The Man Booker Prize

The Booker Prize Comes with Cash and Book Publicity Benefits

Marlon James holding 2015 Man Booker Prize
••• Marlon James holds his 2015 Booker Prize for his novel A Brief History of Seven Killings. Eamonn M. McCormack / Getty Images Entertainment

The Man Booker Prize is a major annual literary award presented to "the best” full-length novel originally written in English and published in the UK. To be eligible, authors may be of any nationality but the book cannot be a translation, nor can it be self-published.

The Booker Prize Cash Award

The Booker Prize winner receives an award of £50,000 (about $80,000 American dollars), making it one of the world’s richest book prizes.

(Other literary awards with cash attached are Nobel Prize for Literature; National Book Award and the Pulitizer Prize for Letters). 

The Booker Prize shortlisted authors each receive £2,500.

The Booker Prize Book Sales Impact

Booker Prize-winning novels are meant to appeal to “an intelligent general audience." 

Perhaps because of their relative reader accessibility, Booker Prize winners enjoy significantly increased book sales in America as well as in the UK. Even shortlisted authors enjoy an uptick in publicity because their publishers must agree to spend a certain amount of money on book publicity. Even before his win, the 2015 shortlisted Marlon James appeared got a coveted interview on Late Night with Seth Meyers).

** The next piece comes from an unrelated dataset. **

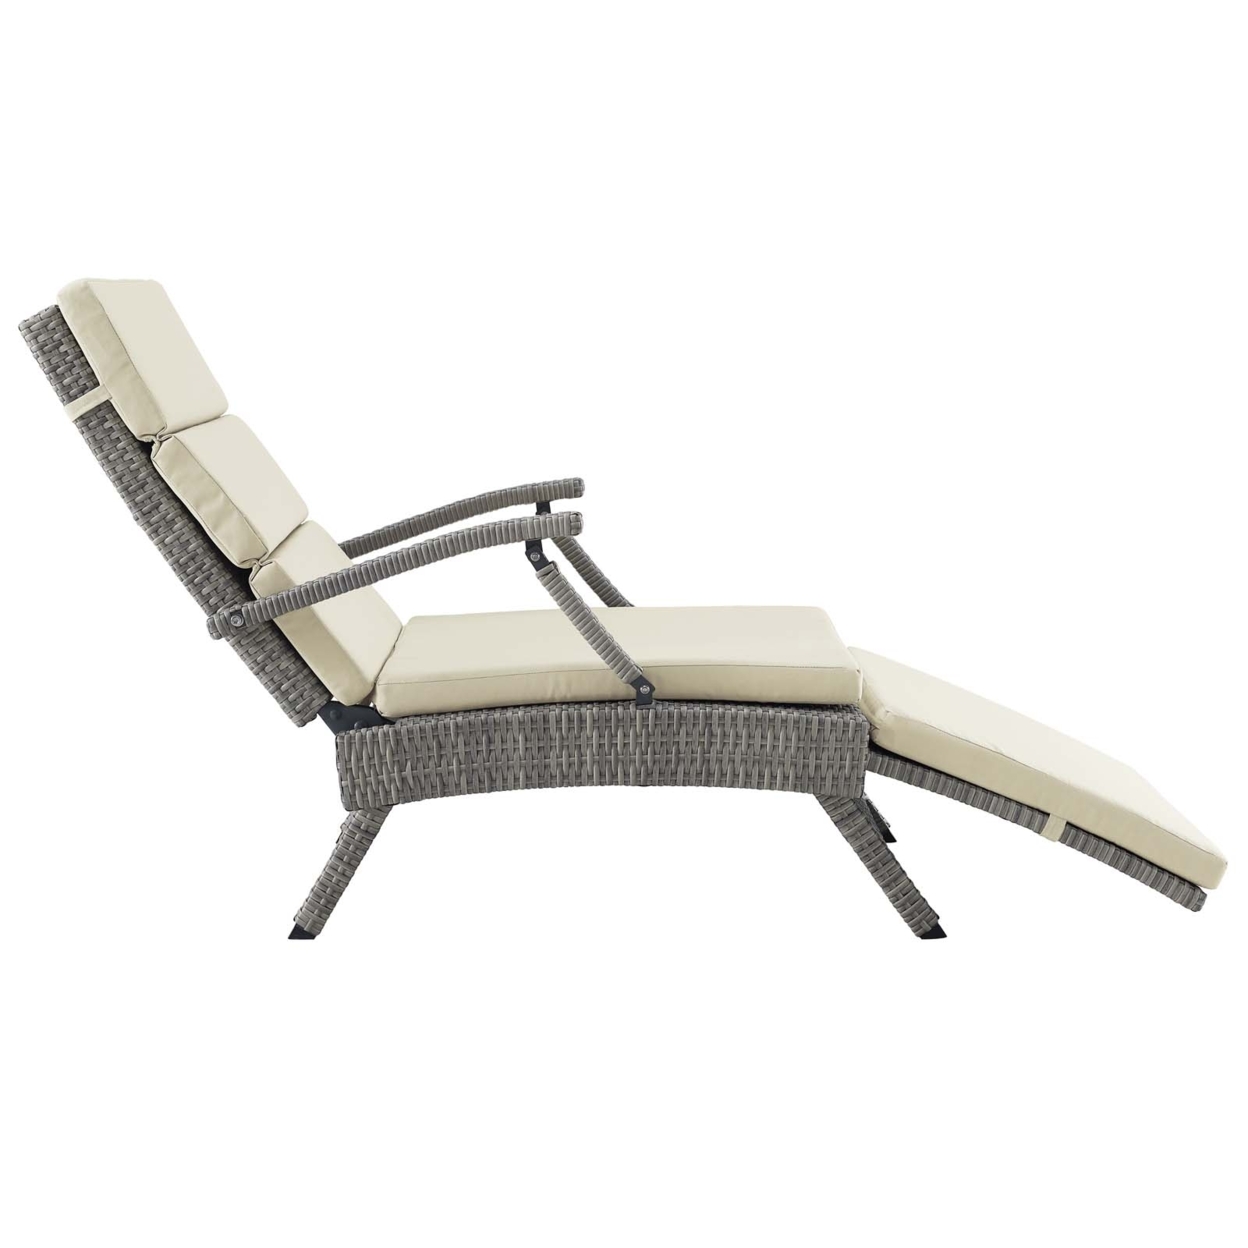 Envisage Chaise Outdoor Patio Wicker Rattan Lounge ChairLight Gray Beige - image 2 of 7

Of course, booksellers also promote the winning novel.

Many winners—like Thomas Keneally’s Schindler’s Ark (Australia 1982), Kazuo Ishiguro’s The Remains of the Day (United Kingdom/Japan1989), A.S.

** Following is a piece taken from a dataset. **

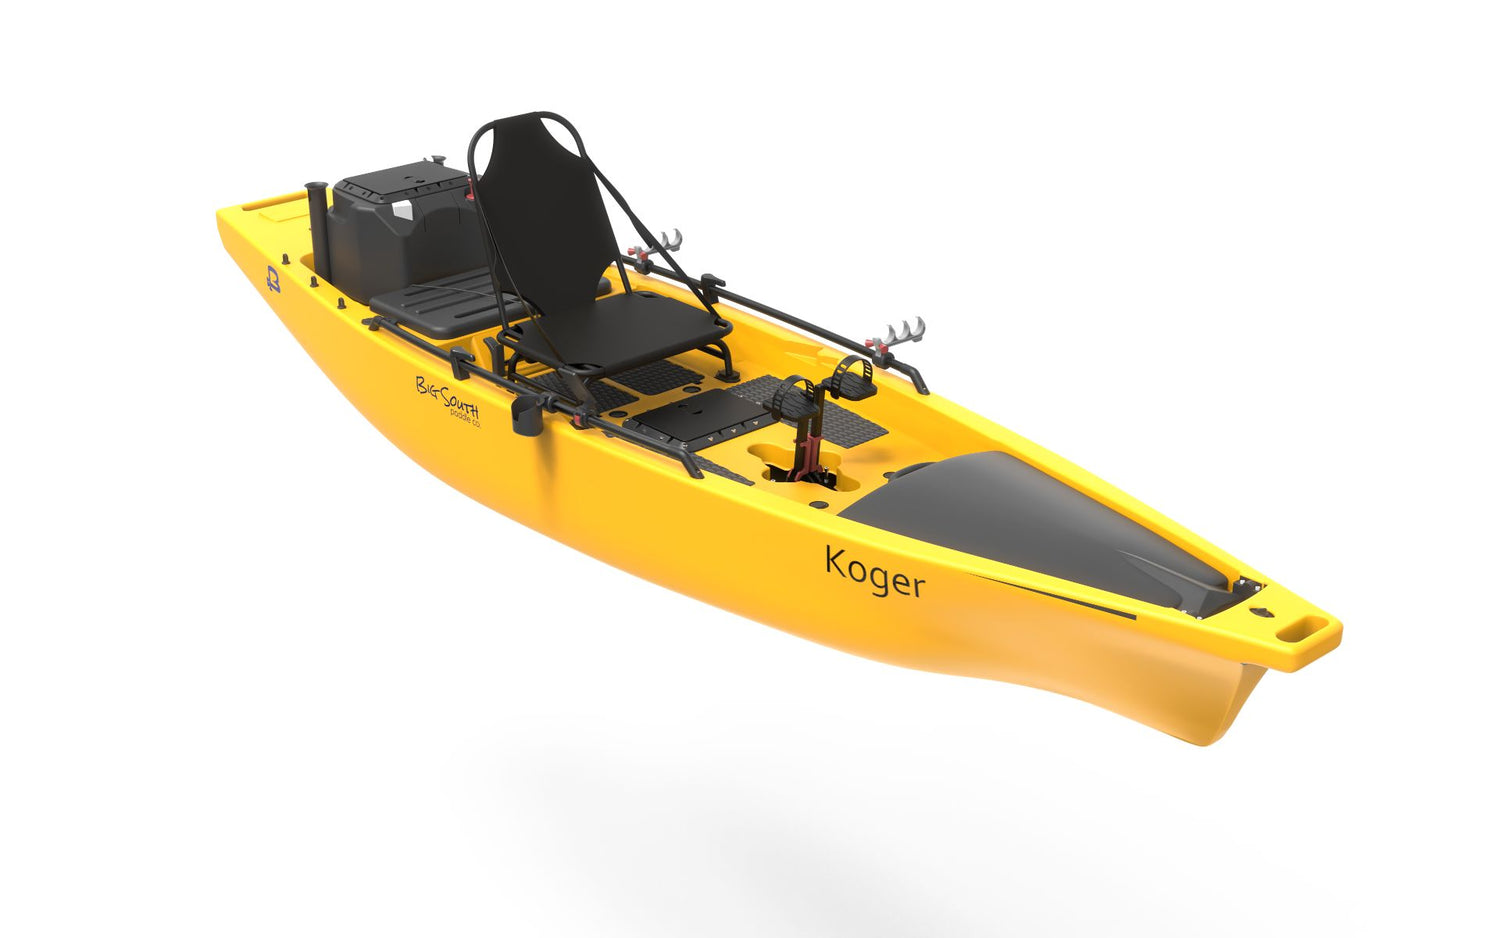 Koger 14 Foot Peddle Fishing Kayak with Live Well, 360 Degree Seat, and Accessories. Bow right view

Byatt’s Possession (United Kingdom 1990), Michael Ondaatje’s The English Patient (Canada/Sri Lanka 1992), Arundhati Roy’s The God of Small Things (India 1997), and Yann Martel’s Life of Pi (Canada 2002) — have gone on to grace bestseller lists and/or have been made into films.

The History of the Man Booker Prize

The first Booker Prize—or Booker-McConnell Prize, as it was then known—was established in 1968 and awarded in 1969 and sponsored by Booker, McConnell Ltd, a large British food company dating back to 1835, with origins in sugar importing.

At one time Booker, McConnell’s interest in books extended to its owning the rights to Agatha Christie’s many works, and sponsored the first Bookers to help “encourage the widest possible readership for the best in literary fiction.”

The list of Booker Prize winners since 1968 originally did not include a winner for the year 1970. Due to a rule change which affected the timing of the novels eligible for the prize, books from the year 1970 were squeezed out of contention for a Booker.

In 2002, the non-profit Booker Prize Foundation was established to handle the administration of the award, and Man Group (a British alternative investment company dating from 1783) became a sponsor of the prizes. At that point, the prize was enriched from £21,000 to £50,000.

In 2005, the bi-annual Man Booker International Prize was established to honor a living writer in recognition of achievement in fiction writing.

In January 2010, the Booker Prize Foundation announced the creation of the “Lost Man Booker Prize” to compensate for the fact that no 1970 novel had been eligible. A long list of 22 novels were chosen and, from that list, Troubles (United Kingdom/Ireland) was selected. The author J. G. Farrell was awarded the prize posthumously.

Until the 2014 prizes, Booker Prize eligibility required that consideration would only be given to novels written by a citizen of the British Commonwealth or the Republic of Ireland. In September 2013, it was announced that all English language novels published in Britain would be considered, regardless of their country of origin.

Entering the Man Booker Prize Competition

Generally, the publisher of an eligible and worthy novel will enter it into Man-Booker Competition the competition. Interestingly, the publisher must agree to spend £5,000 on publicity if the book reaches the shortlist, and to donate another £5,000 if the book wins the prize.

Man Booker Prize Judging

An Advisory Committee — made up of an assortment of publishers, writers, agents, book editors, booksellers, librarians, and representatives from the sponsoring institutions — select each year’s Booker Prize judges.

The judges generally serve just once, and are selected not only from the publishing and academic arenas, but from a broad assortment of reading luminaries.

In July of the prize year, the judges first announce a “long list” of contenders that they deem potentially worthy of the prize. In September of the prize year, a narrowed-down “shortlist” of Booker candidates are announced. The Man-Booker Prize itself is announced in October of the prize year.

Man Booker Prize Trivia

As with many literary awards—and, in fact, with many artistic awards the merits of whose winners are somewhat subjective—the Booker Prize has had some contentious moments. In 1985, judges protested that one of their brethren was an actress, namely Joanna Lumley who played the infamous Patsy Stone on the British sitcom, Absolutely Fabulous. The other judges discounted Lumley's vote and she was reported to have said, that the “so-called bitchy world of acting was a Brownies tea party compared with the piranha-infested waters of publishing.”